Дягилев
Шрифт:
Еще в 1915 году Сергей Павлович заказал своему «второму сыну», как он называл Прокофьева («первым сыном» Дягилев считал Игоря Стравинского), музыку к новому балету. Спустя два года тот закончил «Шута». 1 октября 1918 года композитор написал Дягилеву: «Из изысканных полунамеков Больма я вынес впечатление, что, разбирая мою „Сказку про шута“, ни Вы, ни никто так ничего в ней и не разобрали. Это очень стыдно, но я думаю, что это вполне возможно, так как в свое время Вы бессовестно отмахнулись от музыки „Алы и Лоллия“ (так же, как и Нувель, который позднее, по прослушании ее в оркестре, принес мне за это свои извинения)… Какие Ваши планы и какова судьба моего бедного „Шута“, так предательски похороненного в коварных складках
Неизвестно, как Дягилев отреагировал на столь наступательный тон, но факт остается фактом: «Шут» после получения этого письма пролежал в «коварных складках» его портфеля еще почти три года.

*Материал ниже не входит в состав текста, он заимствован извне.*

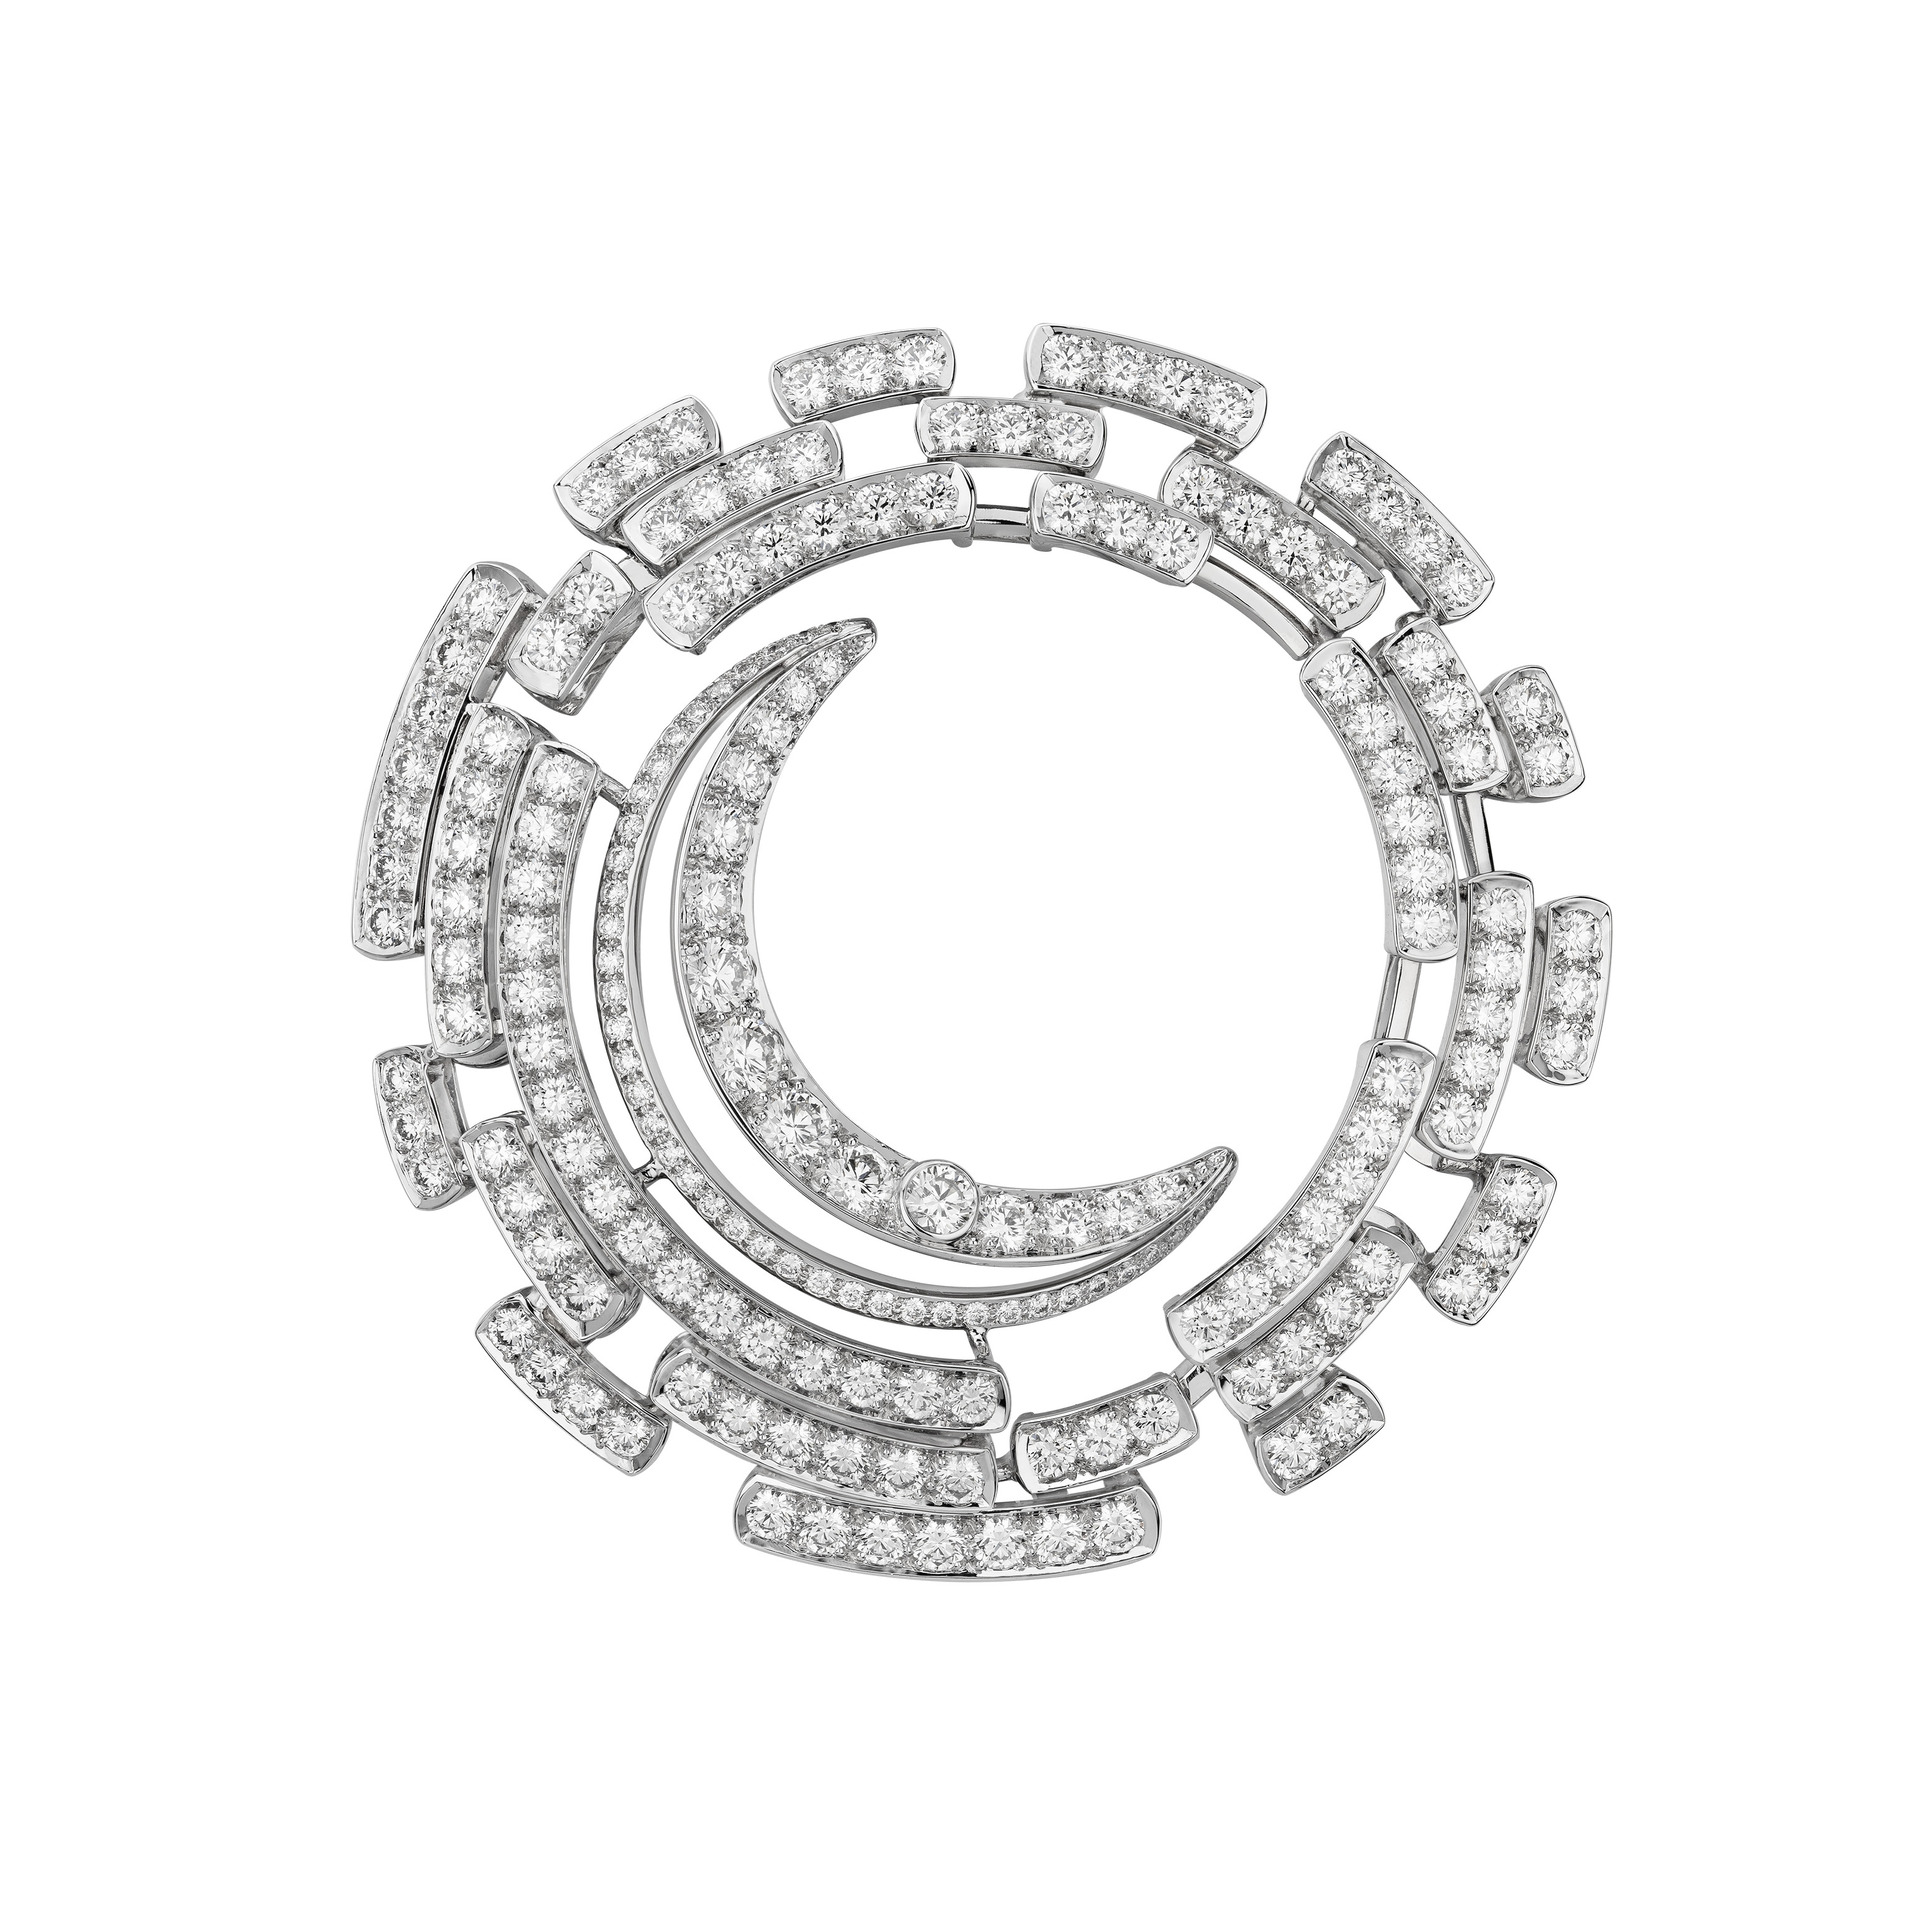 Chanel: “Bijoux de Diamants” inspires “1932”

Наконец, в 1921 году, когда Русский балет оказался без хореографа, о «Шуте» вдруг вспомнили как о старом, проверенном временем друге. За него ухватился Михаил Ларионов и уговорил Дягилева дать ему возможность не только оформить спектакль, то есть создать декорации и костюмы, но и осуществить постановку балета — с помощью молодого танцовщика Тадеуша Славинского.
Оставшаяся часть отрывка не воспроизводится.